Bişkek’te bir çadır gördü. Üzerinde eski desenler, keçeden yapılmış motifler vardı. Kadınlar kilim dokuyor, erkekler at koşturuyordu. O an anladı ki Yörüklük bir coğrafya değil, bir ruh meselesiydi. Çadır değişir, dağ değişir ama öz değişmez. Toros’tan Tanrı Dağları’na kadar aynı türkü söylenir: Özgürlük, emek ve onur türküsü.
Bugün şehirlerin gürültüsü içinde, o Yörük çocuğu belki artık bir masal kahramanı gibi görünür. Ama o ruh hâlâ içimizdedir. Bir yere sığamama, hep biraz yollarda hissetme hâli… İşte o, yüzyıllardır süren Yörüklüğün bize bıraktığı mirastır.

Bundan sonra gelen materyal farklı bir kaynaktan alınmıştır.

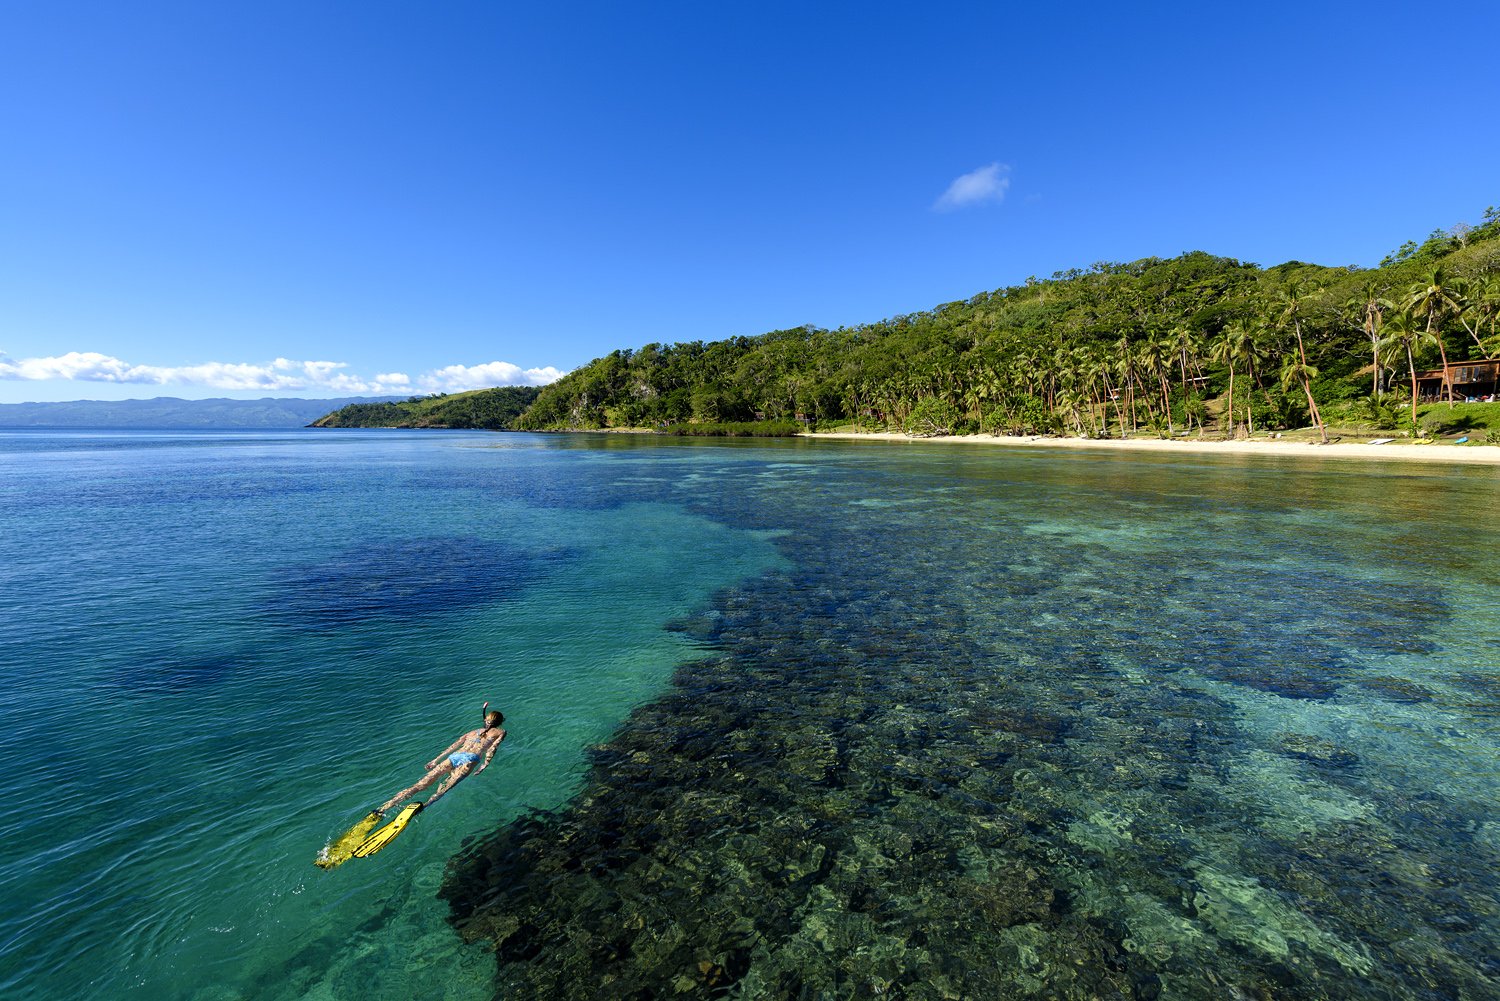 Remote+Resort+Fiji+Islands+House+Reef+Snorkeling.jpg
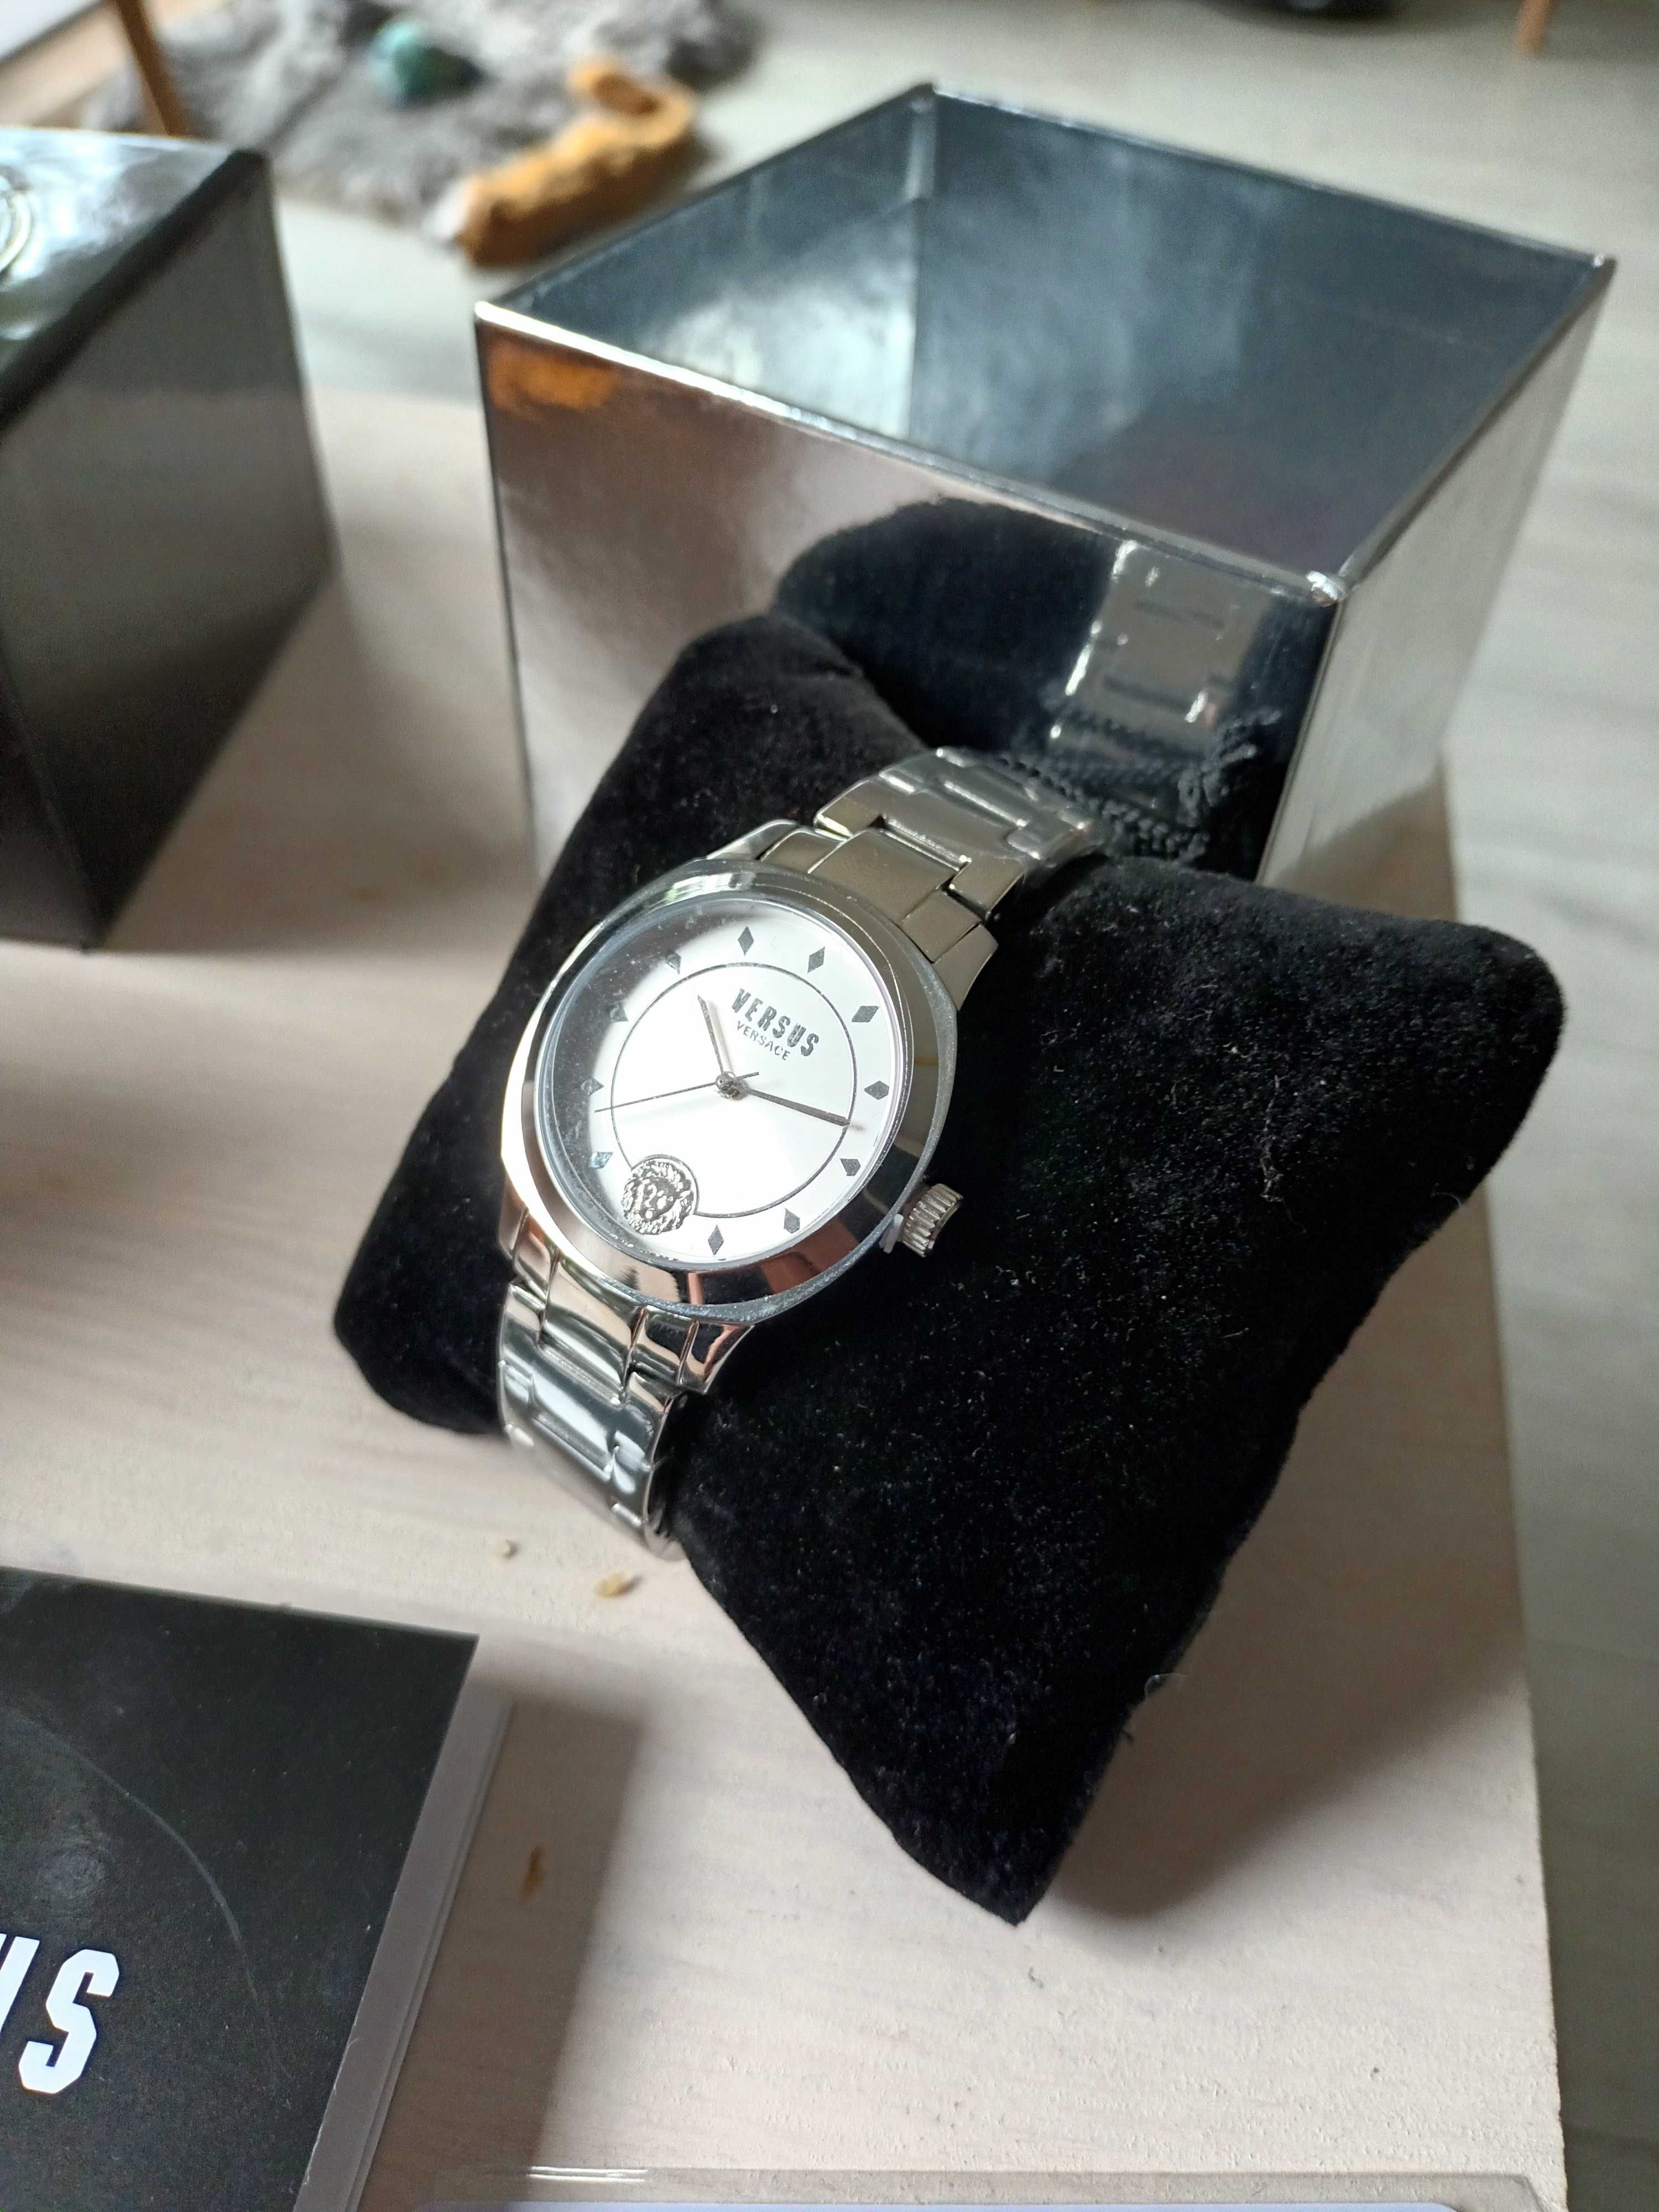 Nowy zegarek Versus Versace za 1/3 ceny. Karta gwarancyjna ...

Belki de hepimiz, bir yanımızla hâlâ Toroslar’dan Tanrı Dağları’na yürüyen o Yörük çocuğuyuz. Aradığımız ne bir yer, ne bir zaman; sadece kendi özümüzdür. Toroslar’dan Tanrı Dağları’na uzanan bu yol, sadece bir coğrafya yolculuğu değil; bir kök arayışı, bir kendini bulma hikâyesi. Çünkü bazen en uzak yolculuk, insanın özüne yaptığı yolculuktur.
Toroslar’dan Tanrı Dağları’na uzanan bu başarı hikâyesi, coğrafyanın değil, iradenin eseridir. Aynı kökten gelen halkların ortak değerleri, bugün bilimde, sanatta ve kültürde yeni ufuklar açmaktadır.